***** Data segment
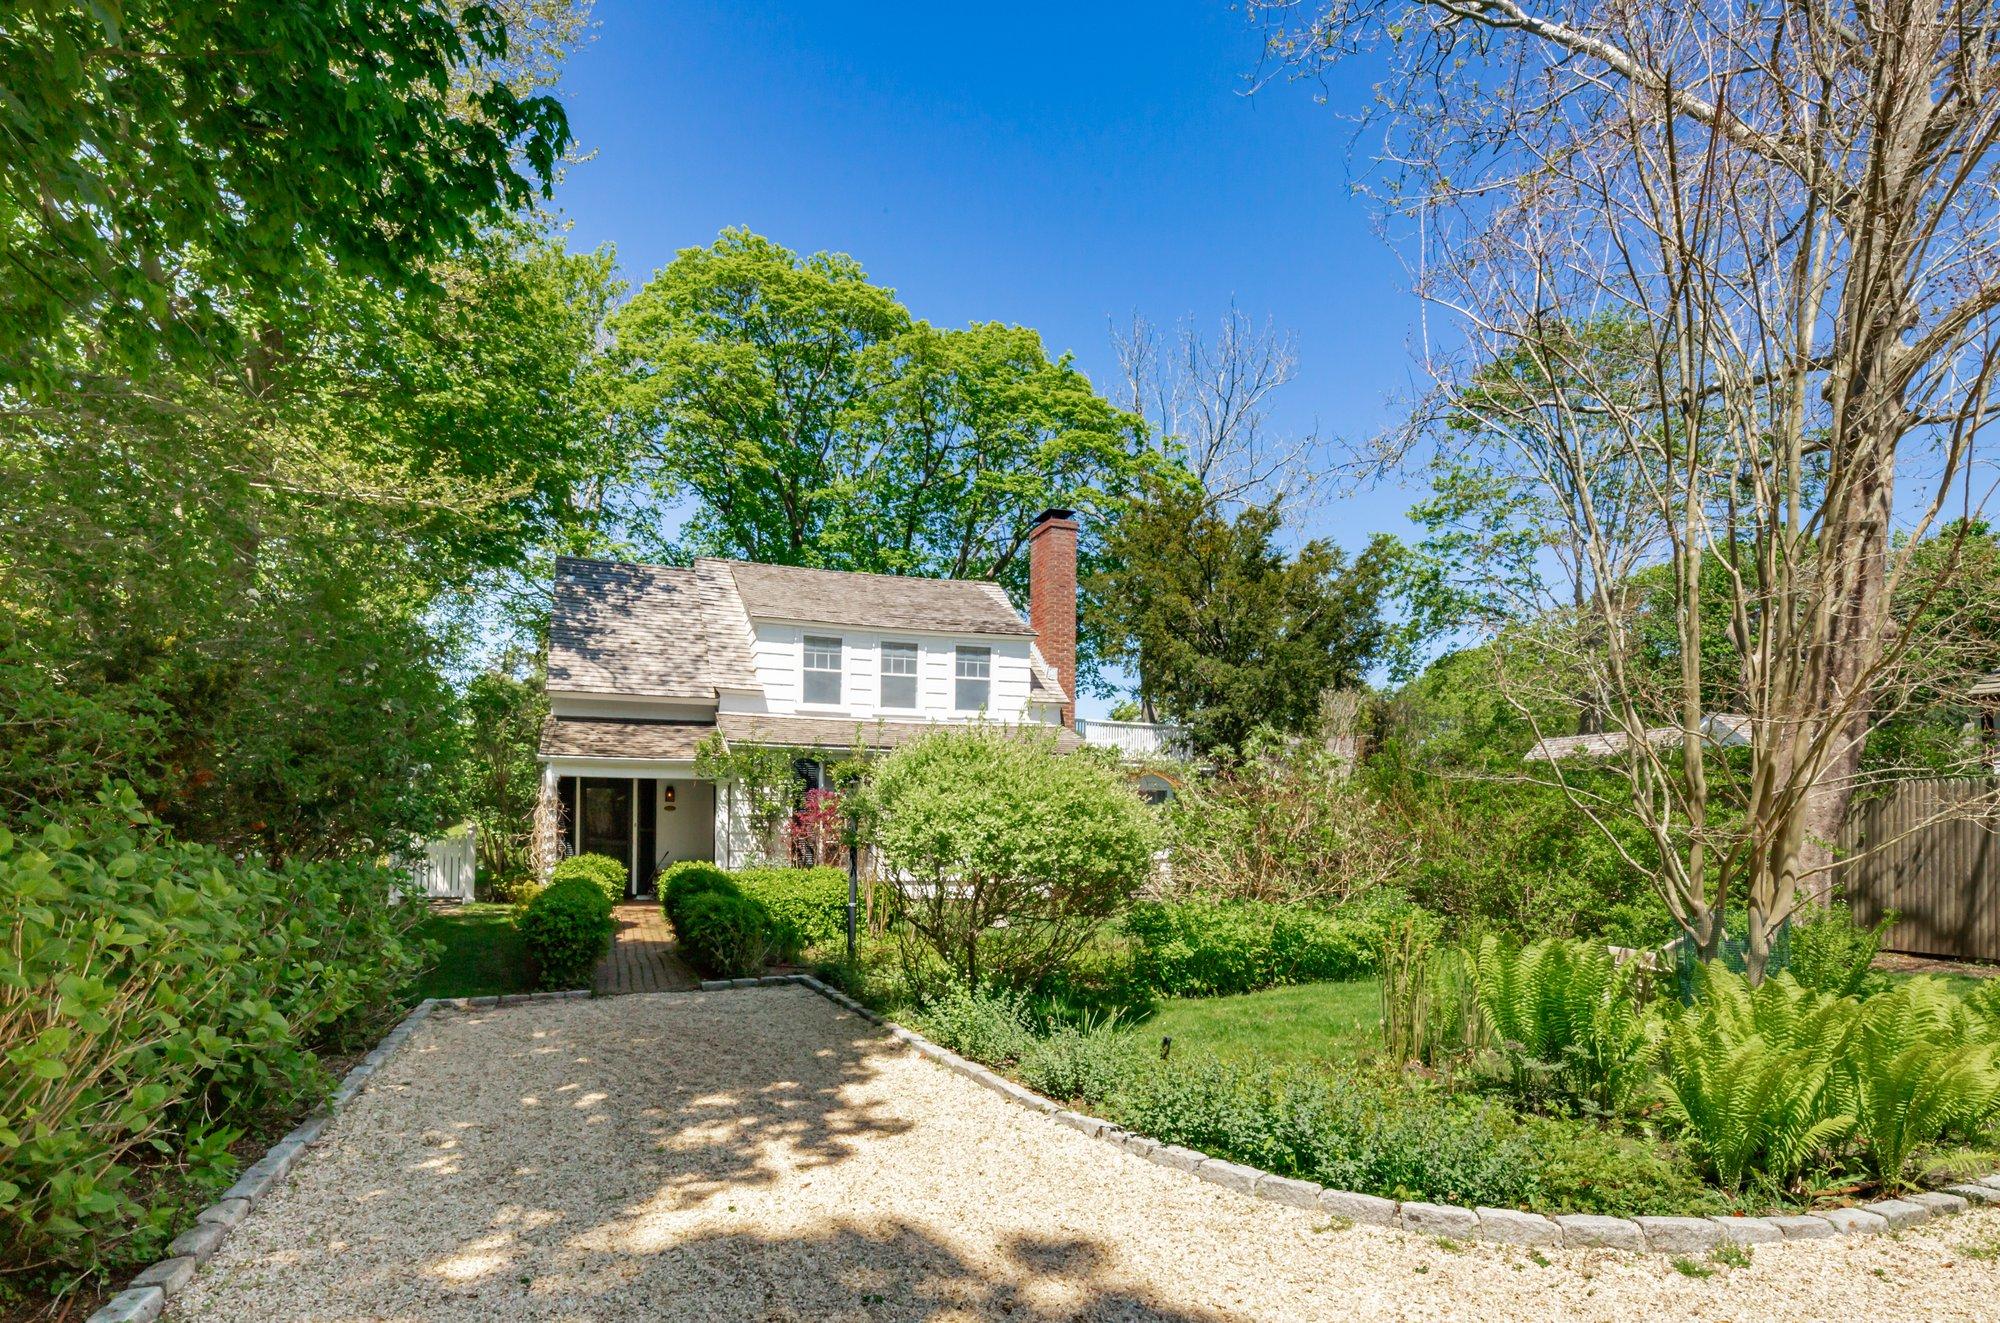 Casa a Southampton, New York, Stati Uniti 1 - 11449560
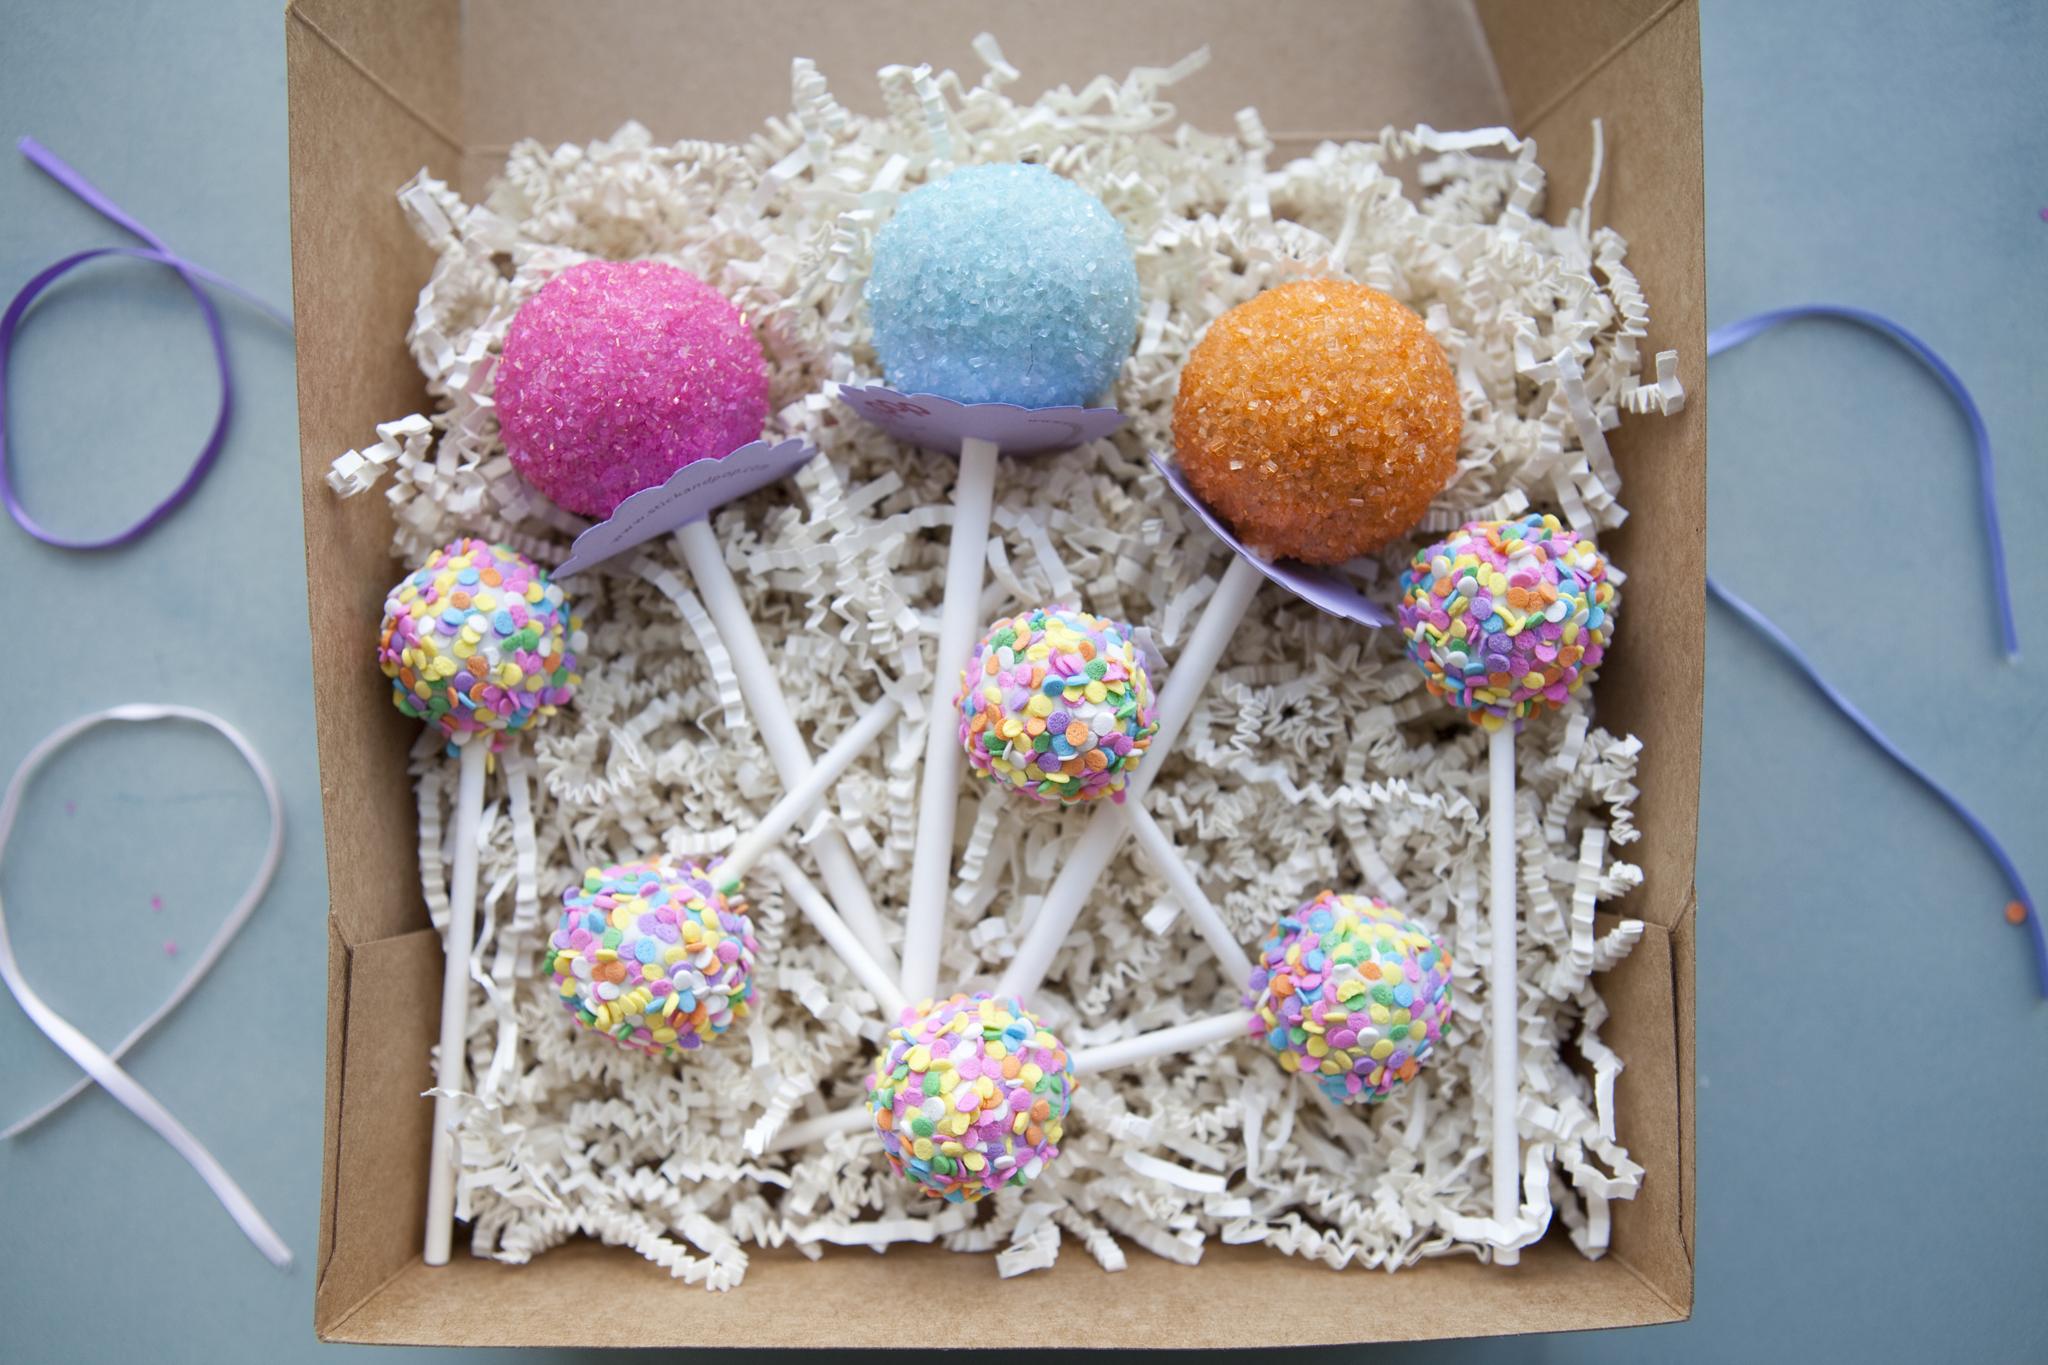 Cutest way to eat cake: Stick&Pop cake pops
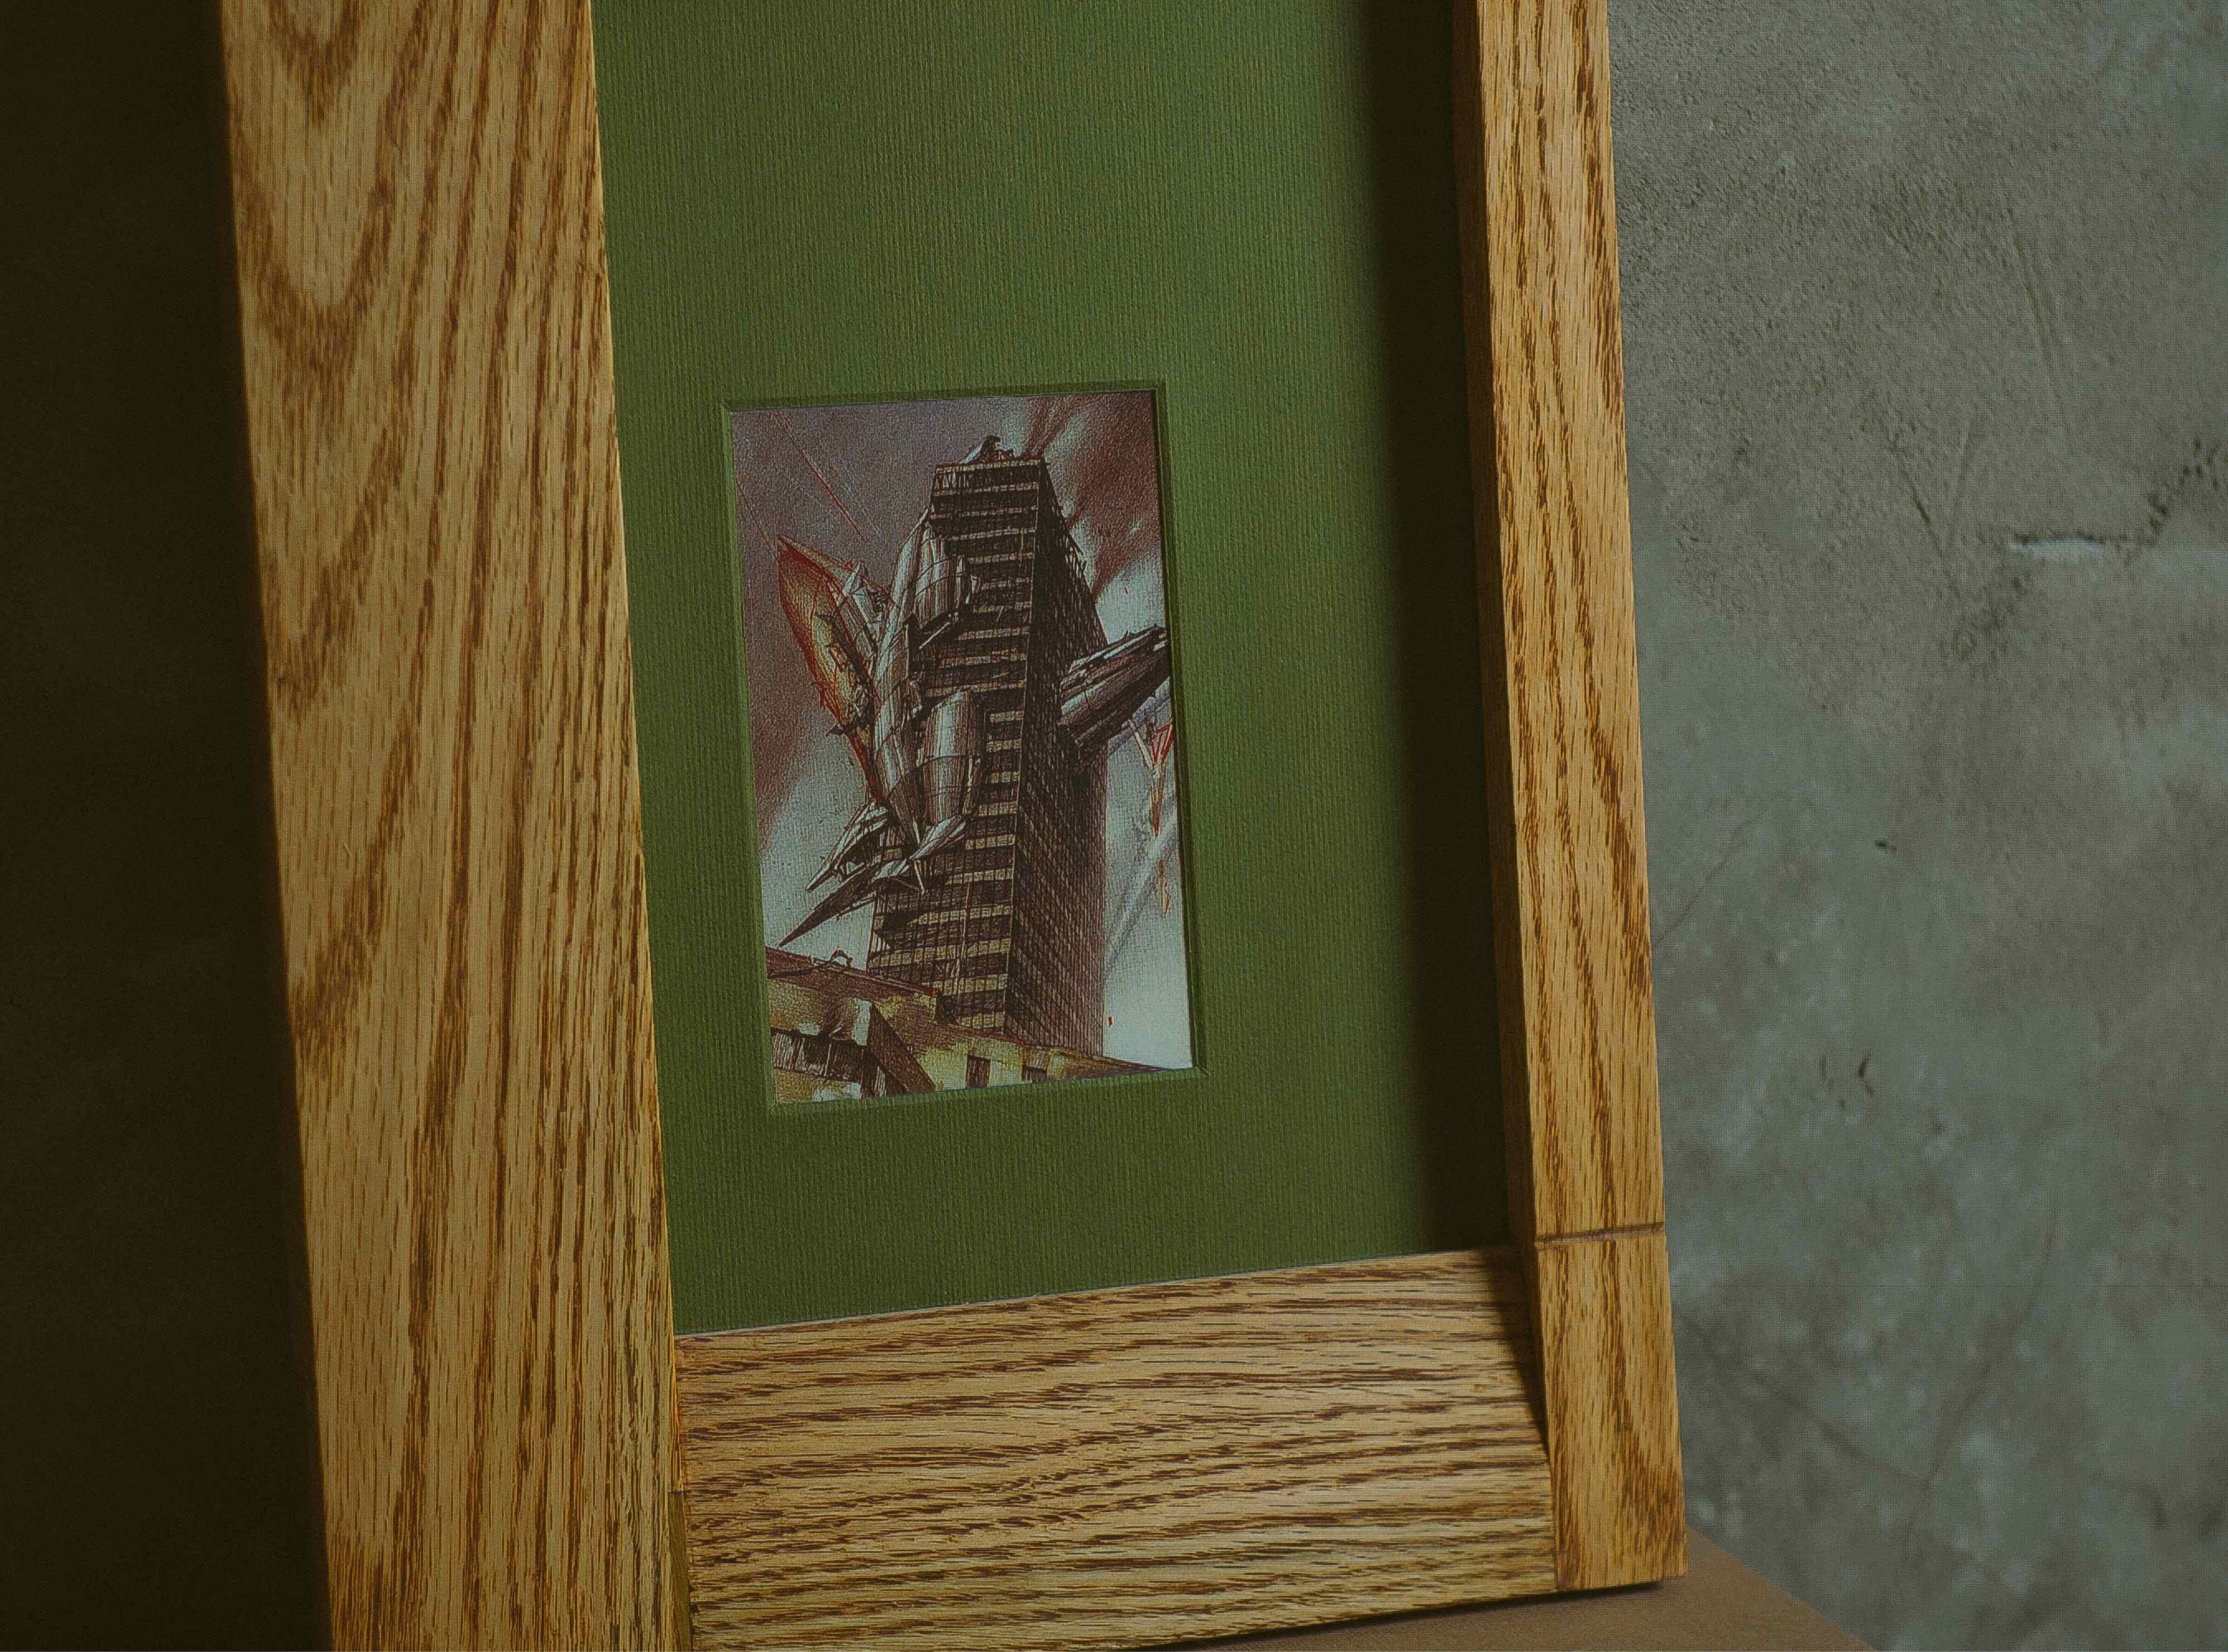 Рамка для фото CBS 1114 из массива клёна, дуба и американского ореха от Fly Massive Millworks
**********
**Exercise instructions:**
When you copy the data, keep every line exact and leave out each picture.

**Answer box:**
 Casa a Southampton, New York, Stati Uniti 1 - 11449560
 Cutest way to eat cake: Stick&Pop cake pops
 Рамка для фото CBS 1114 из массива клёна, дуба и американского ореха от Fly Massive Millworks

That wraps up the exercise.